Findings demonstrate that extra-tropical North Atlantic SST variability (AMO) causally modulates the Indian summer monsoon via a fast atmospheric bridge and an NAI Rossby wave-train, independent of ENSO. This mechanism operates by SST-driven modulation of NAO and barotropic vorticity over the North Atlantic, projecting onto upper-level vorticity over India that organizes intraseasonal active/break spell clustering. Establishing AMO as a co-equal driver alongside ENSO helps explain why ENSO-based predictability alone cannot reach the high potential skill inferred for ISMR and clarifies variability during ENSO-neutral years. Causal analyses (PCMCI+ and Granger) converge on AMO→ISMR and ENSO→ISMR links, with ENSO–ISMR also showing feedback. The result underscores the importance of incorporating extra-tropical SST influences into seasonal prediction frameworks and improving coupled model fidelity in simulating both drivers and their teleconnections to realize enhanced predictability. Model evidence supports the mechanism but highlights biases and regional phase shifts, indicating scope for further model development.

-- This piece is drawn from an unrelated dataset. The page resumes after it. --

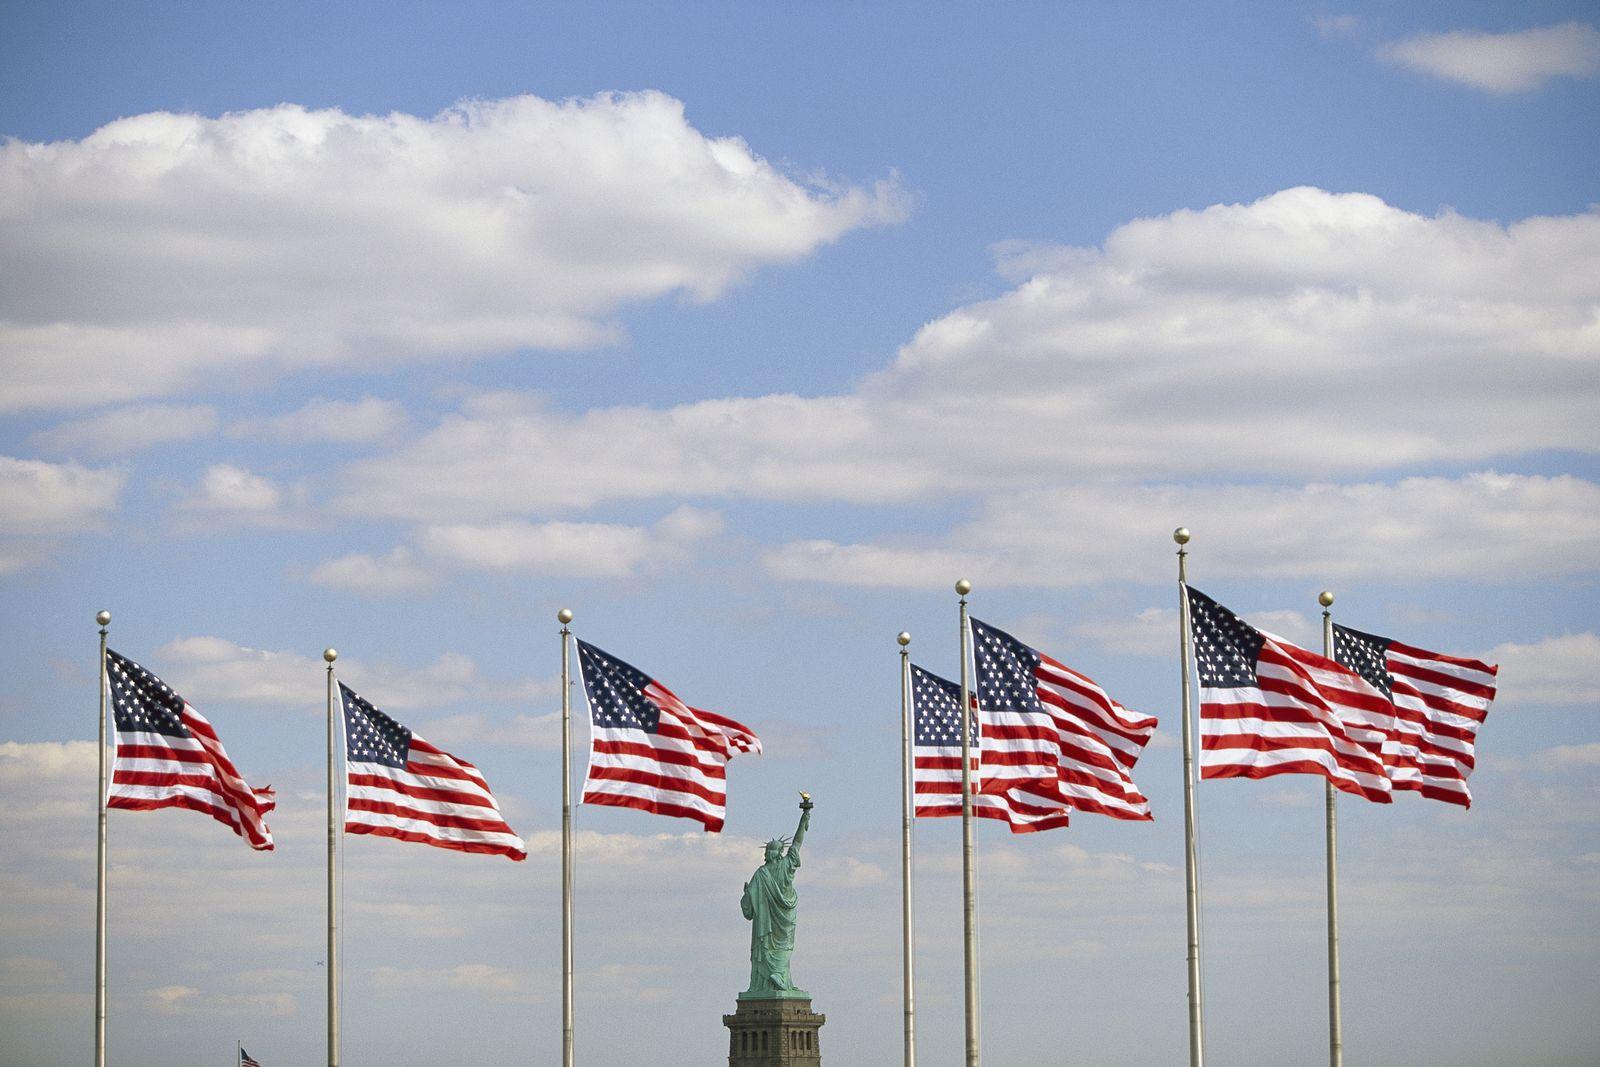 NICHT MEHR VERWENDEN! - Freiheitsstatue / USA / US Flagge
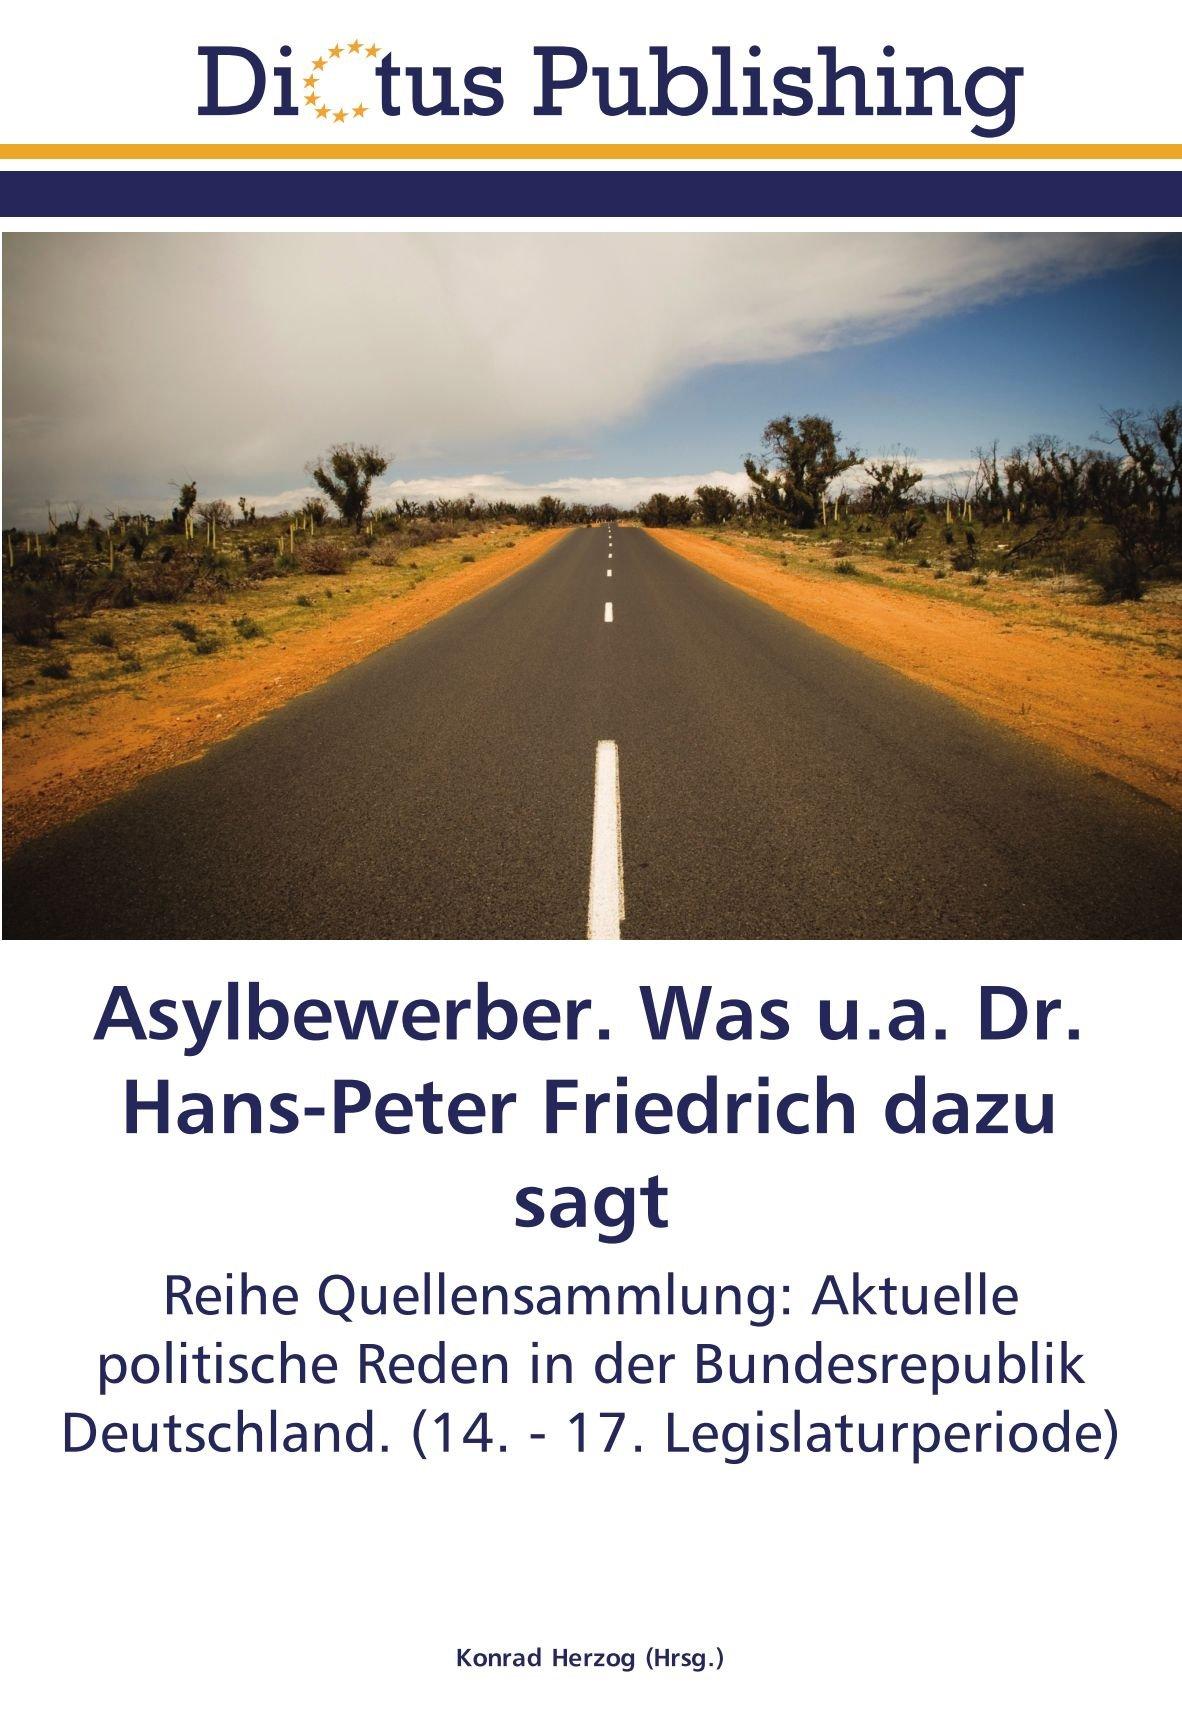 Download Asylbewerber. Was u.a. Dr. Hans-Peter Friedrich dazu sagt: Reihe Quellensammlung: Aktuelle politische Reden in der Bundesrepublik Deutschland. (14. - 17. Legislaturperiode) (German Edition) pdf

The study establishes, using two independent nonlinear causal discovery methods and observations/model evidence, that North Atlantic SST/AMO is a robust, independent, and quantitatively significant driver of ISMR on seasonal timescales, comparable to ENSO. The causal pathway proceeds via SST-driven modulation of NAO and barotropic vorticity, exciting a Rossby wave-train (NAI pattern) that modulates upper-level vorticity over India and intraseasonal rainfall spell organization, thereby impacting seasonal ISMR. These insights argue for revising the ENSO-centric paradigm of ISMR predictability and for explicitly including extra-tropical SST influences in operational forecasts. Future work should: (1) refine mechanistic understanding of how extra-tropical SST forces barotropic atmospheric responses and NAO phase locking; (2) reduce coupled model biases in simulating ENSO, AMO, and their teleconnections; (3) explore multi-year oceanic-bridge causality with longer, higher-quality datasets; and (4) develop hybrid prediction systems leveraging both tropical and extra-tropical precursors.

- Causal inference focuses on contemporaneous atmospheric bridges within a single summer (max 5-month lag); oceanic-bridge (multi-year) causality is not assessed due to limited seasonal sample sizes (~160 years). - Some results depend on SST dataset choice; while AMO/ENSO→ISMR links are robust across COBE, ERSST, Kaplan, other links (e.g., IOD→ISMR) vary. - Early-period SST analyses involve interpolations in data-sparse eras, introducing uncertainty. - Granger causality has low detection power for high-dimensional systems and misses some physically plausible links; PCMCI+ results rely on assumptions (causal sufficiency, Markov condition) and are valid for the selected variable set. - Mechanistic details of SST forcing leading to equivalent barotropic atmospheric responses in the extra-tropics need further modeling and diagnostics; SH extra-tropics lack analogous correlations, indicating hemispheric asymmetry. - CMIP6 models show biases (e.g., ENSO–ISMR link strength, teleconnection phase) and model dependence of secondary links, affecting translatability to prediction systems.